The romantic, James Bond-ish heyday of spyware was brief, though, and from the 1970s onwards the drudgery of audio surveillance seems to have taken over. The techs could bug anything, from coffee cups to ballpoint pens — they even built robotic fish to drop into tanks in hotel rooms and (clearly dog people) embedded microphones inside family cats.

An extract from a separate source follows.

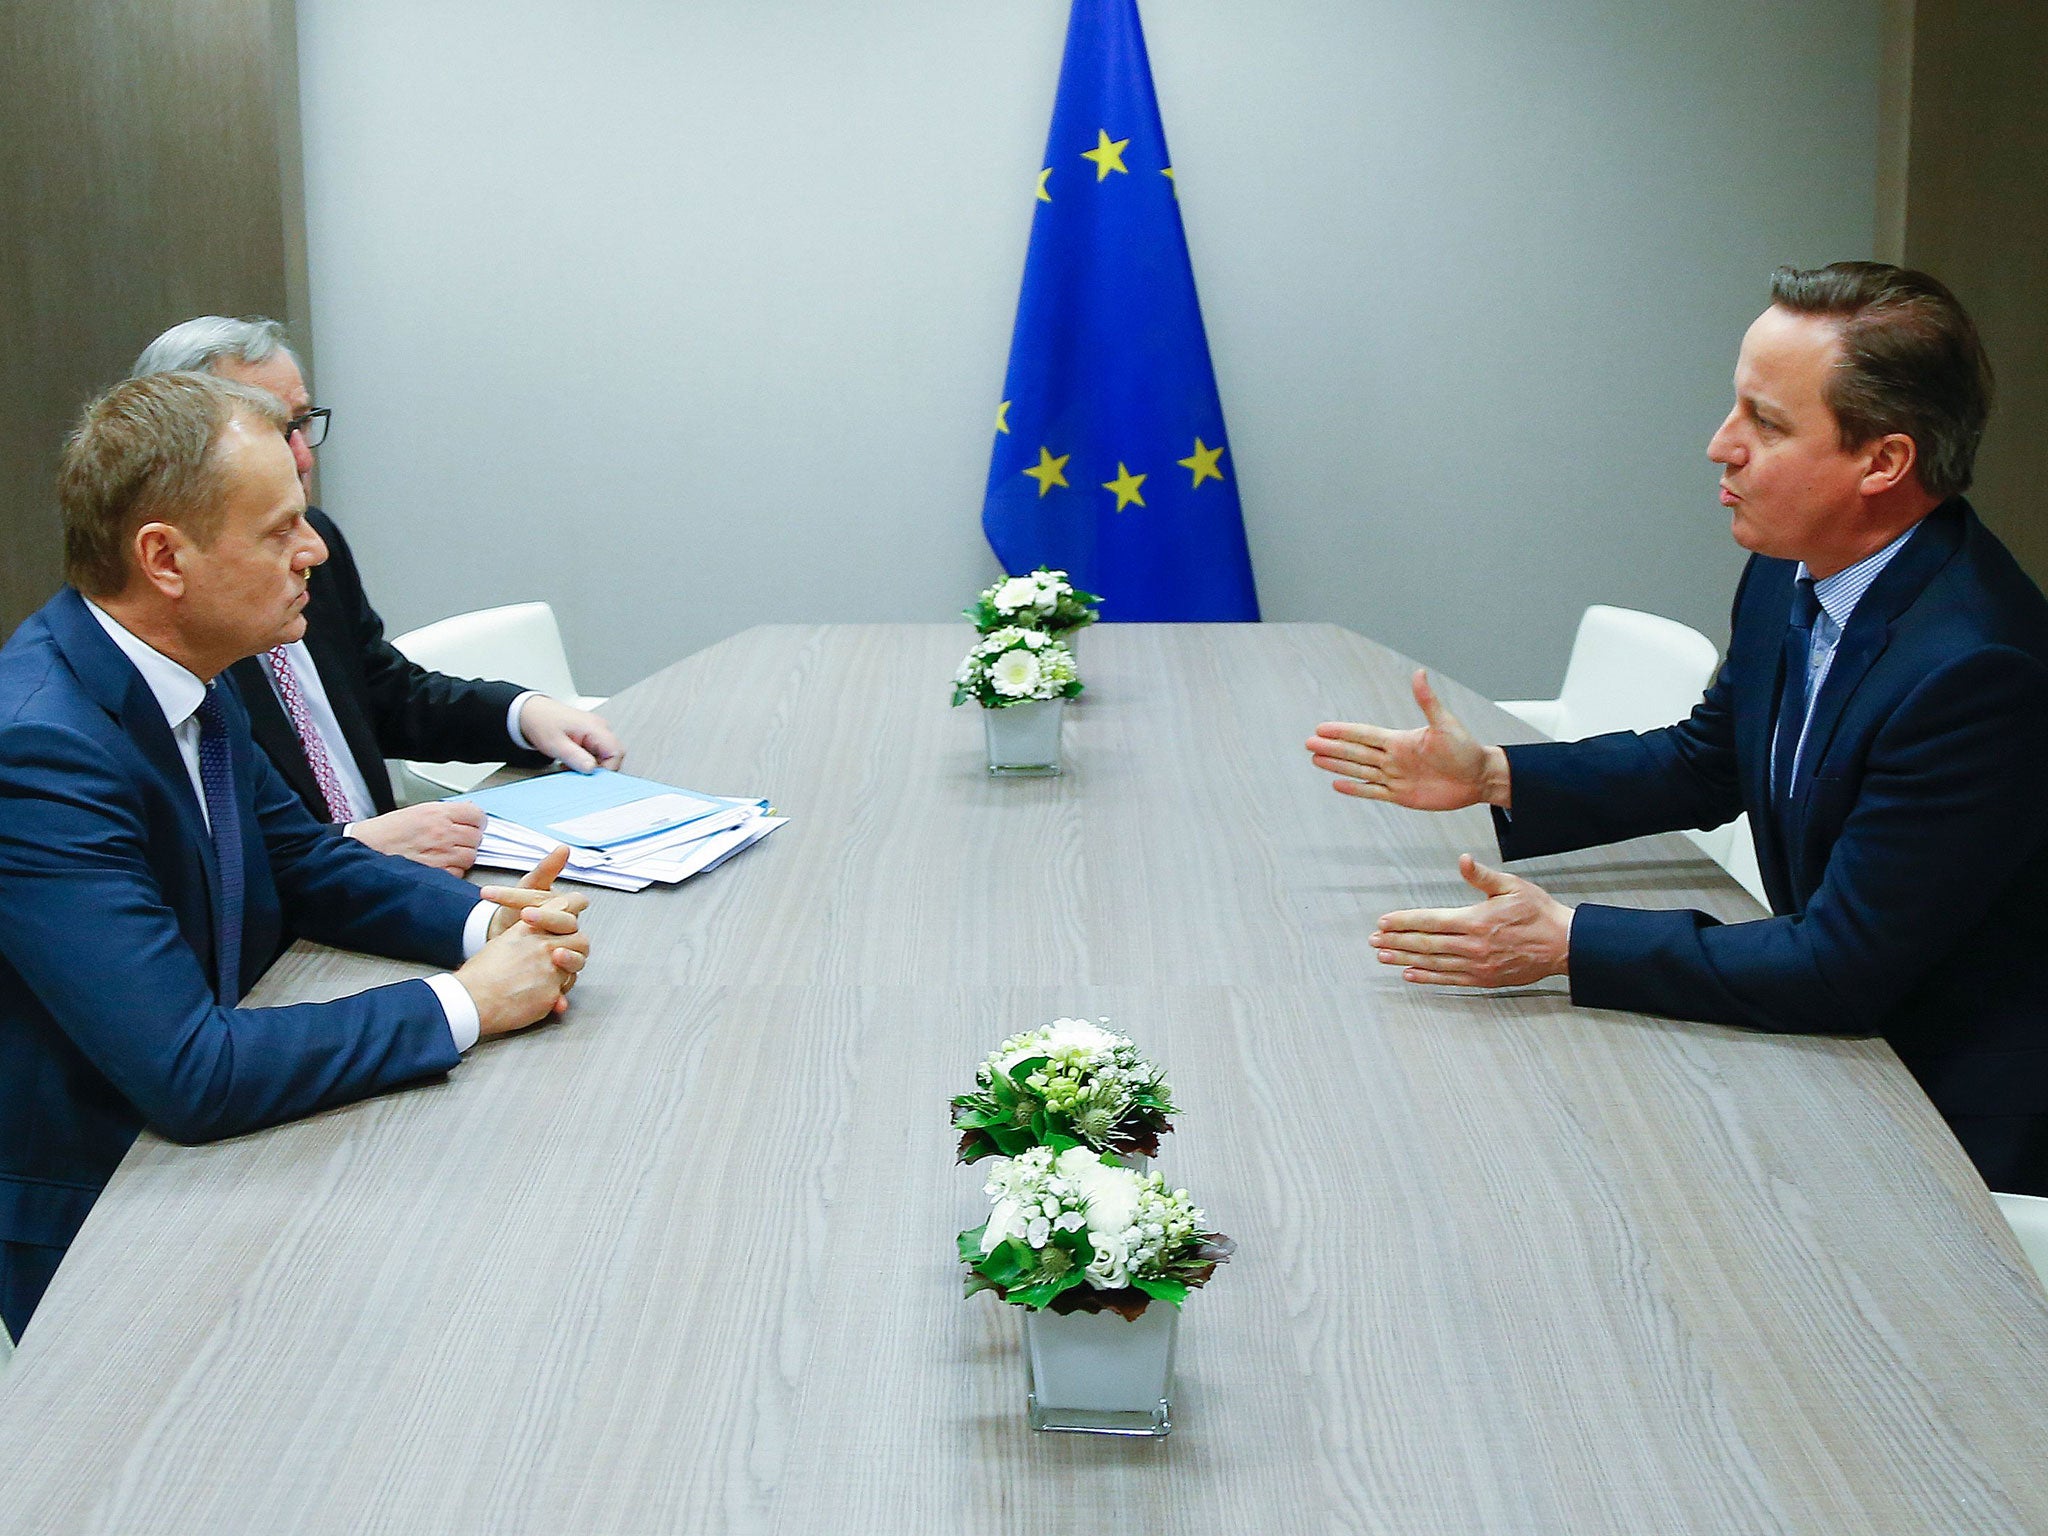 David Cameron, right, attends a meeting with and European Council President Donald Tusk, left, and European Commission President Jean Claude Juncker, center, during a European Union leaders summit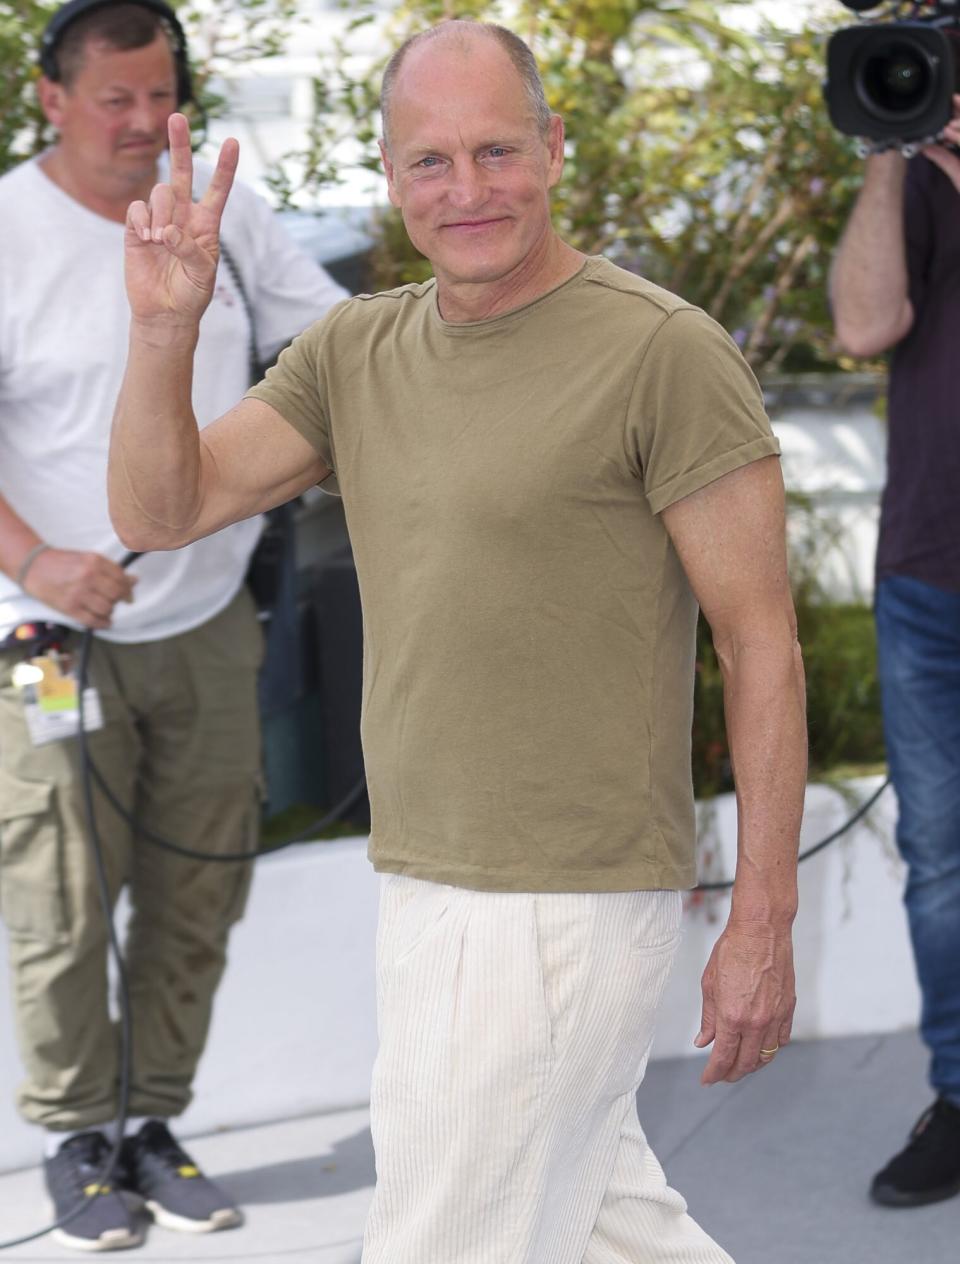 CANNES, FRANCE - MAY 22: Woody Harrelson attends the photocall for "Triangle Of Sadness" during the 75th annual Cannes film festival at Palais des Festivals on May 22, 2022 in Cannes, France. (Photo by Mike Marsland/WireImage)

Such seedy work seems to have contributed to the ultimate ethical decay of the techs, about which Wallace and Melton are in more obvious denial (Wallace is a former director of the OTS). They defend as “approved operations” the CIA’s illegal surveillance of its own citizens under Richard Nixon, and are reduced to Newspeak by the role of the OTS in Vietnam, which apparently included planting homing devices that facilitated America’s “precision air attack” of Cambodia, Laos and North Vietnam. By the time the OTS was caught mining the harbours of left-leaning Nicaragua in 1984, because Ronald Reagan wanted “to disrupt the country’s economy”, the rot had clearly set in. It’s notable that the two catastrophic intelligence failures towards which the CIA was heading — 9/11 and weapons of mass destruction — get precious little investigation in this overly defensive volume.
Nevertheless, if you lay the context aside, this is an intriguing history of ingenious men and women, who could invent a talking tree, an inflatable airplane and an exploding rat — but ultimately struggled with the mechanics of a moral compass.